Binding arguments are used by certain exchange types to further filter messages.
The binding argument x-filter-jms-selector
specifies a JMS selector conditional expression. The expression
is written in terms of message header and message property names. If the expression evaluates to true, the message is routed to the queue.
This type of binding argument is understood by exchange types direct, topic and fanout.[4].
The binding argument x-match
is understood by exchange type headers. It can take two values, dictating how the
rest of the name value pairs are treated during matching.
all
implies that all the other pairs must match the headers property of a message for that message to be routed
(i.e. an AND match)
any
implies that the message should be routed if any of the fields in the headers property match one of the
fields in the arguments table (i.e. an OR match)
A field in the bind arguments matches a field in the message if either the field in the bind arguments has no value and a field of the same name is present in the message headers or if the field in the bind arguments has a value and a field of the same name exists in the message headers and has that same value.
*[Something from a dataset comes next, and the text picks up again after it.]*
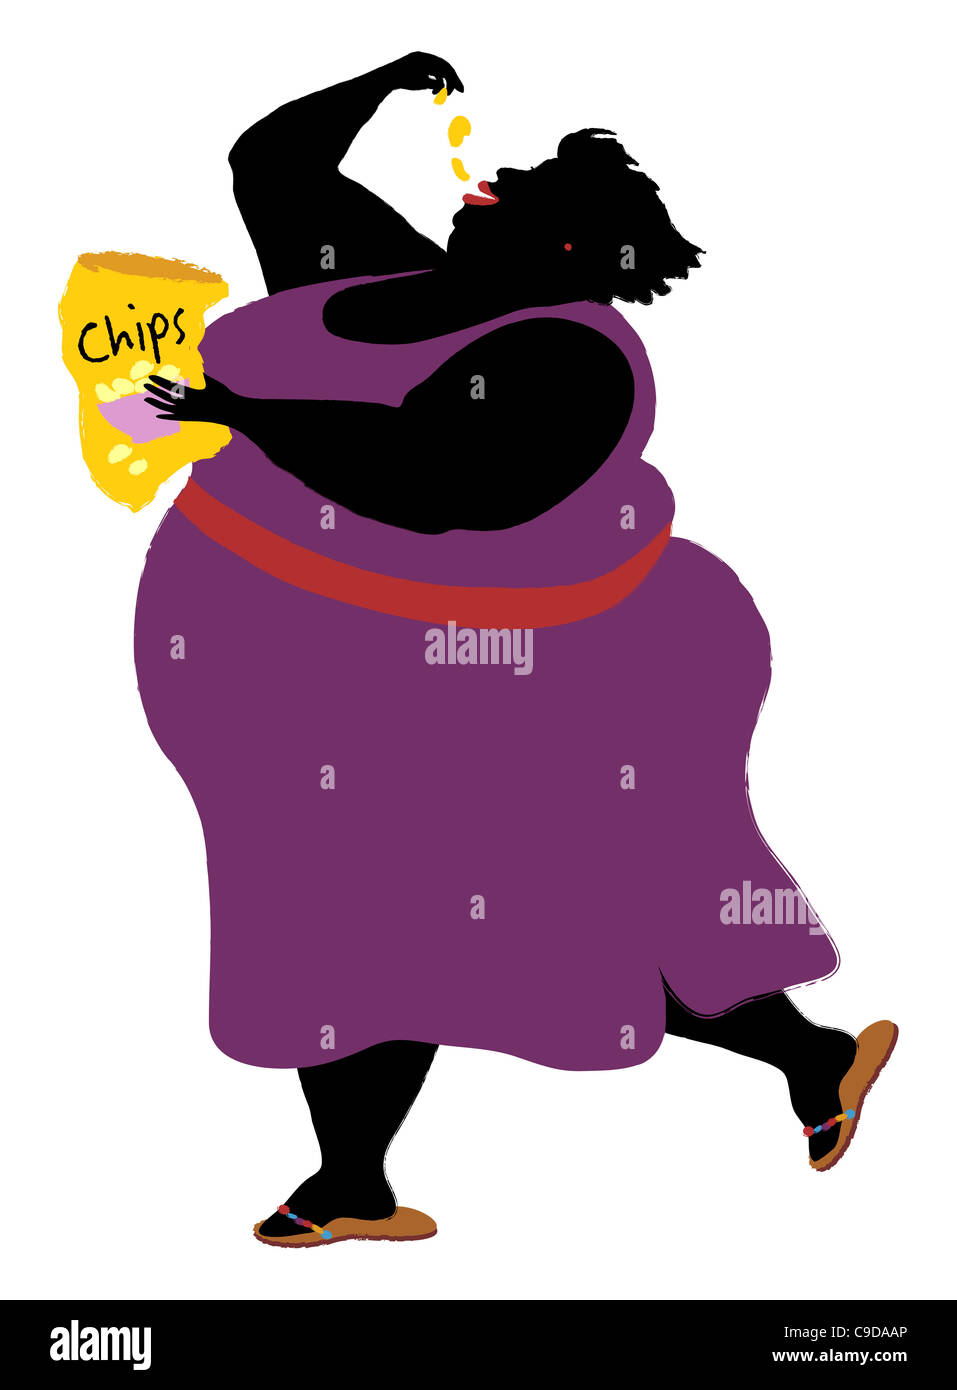 Overweight woman eating chips, illustration Stock Photo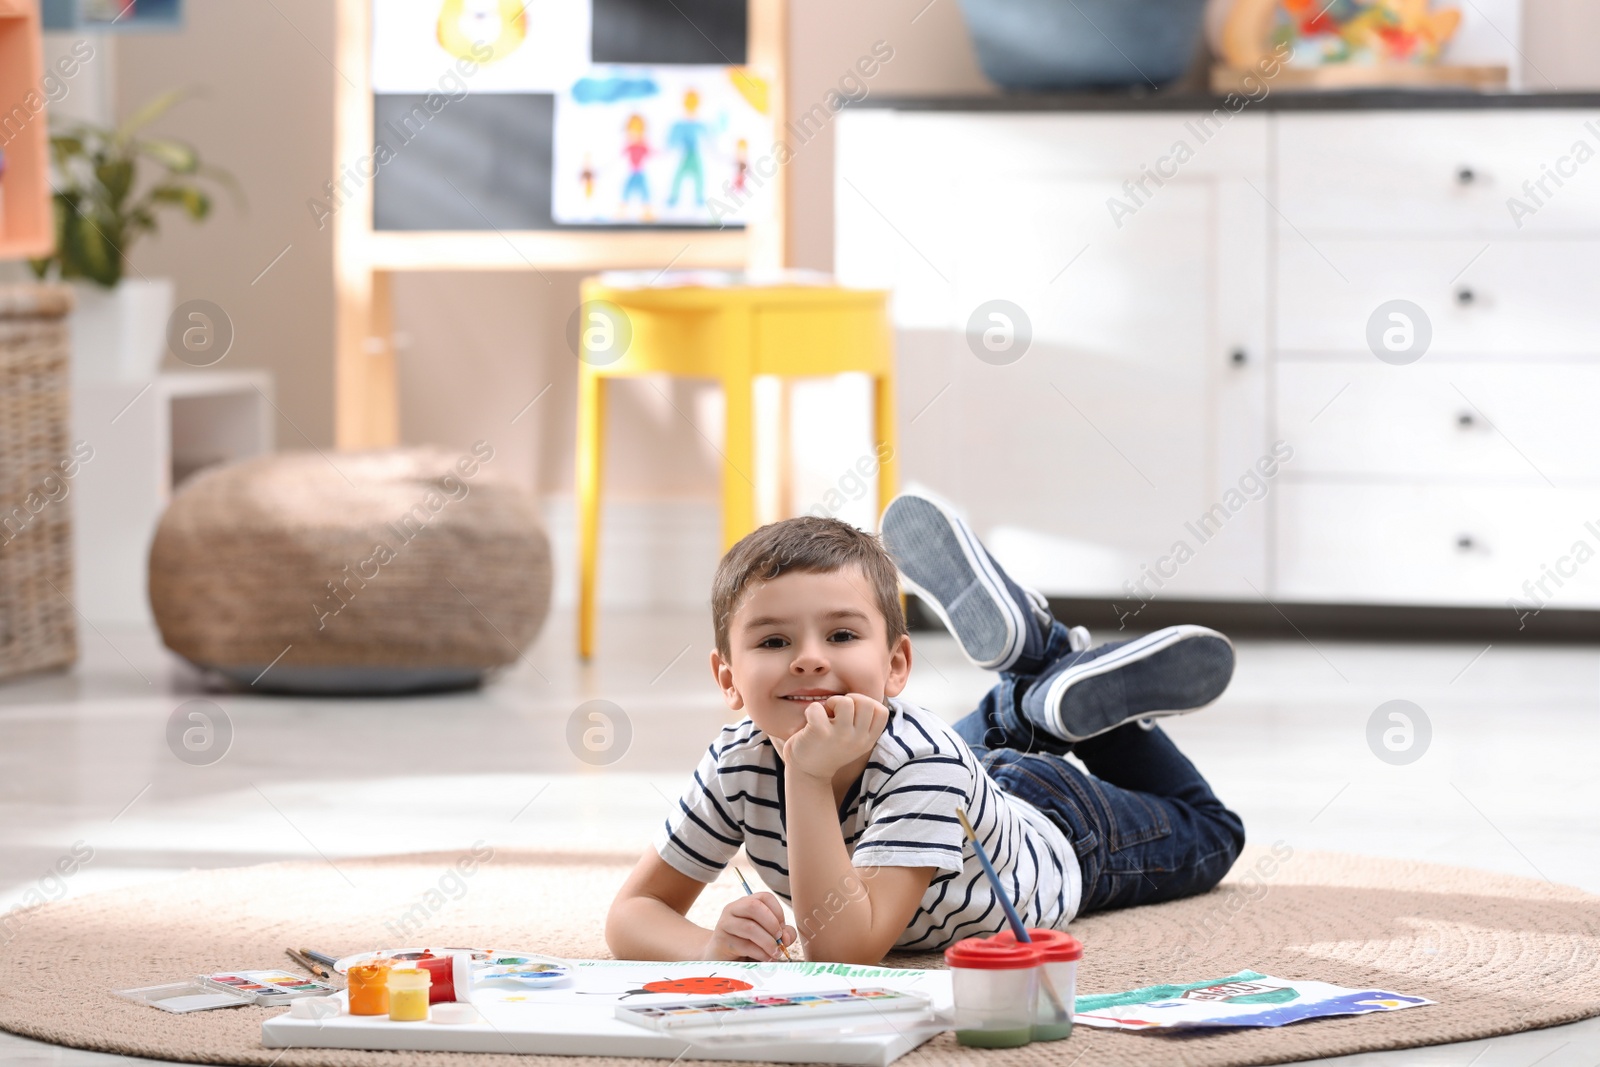 Photo of Little child painting on floor at home

If an exchange is unable to route a message to any queues, the Broker will:
If using the AMQP 1.0 protocol, and an alternate binding has been set on the exchange, the message is routed to the alternate.
If the message is still unroutable after considering the alternate binding, the message is discarded unless the sending link has requested the
REJECT_UNROUTABLE
target capability, or the Exchange has its unroutableMessageBehaviour
attribute set to
REJECT
.
If using the AMQP 0-10 protocol, and an alternate binding has been set on the exchange, the message is routed to the alternate. If the message is still unroutable after considering the alternate binding,the message is discarded.
If using AMQP protocols 0-8..0-9-1, and the publisher set the mandatory flag and the close when no route feature did not close the connection, the message is returned to the Producer.
Otherwise, the message is discarded.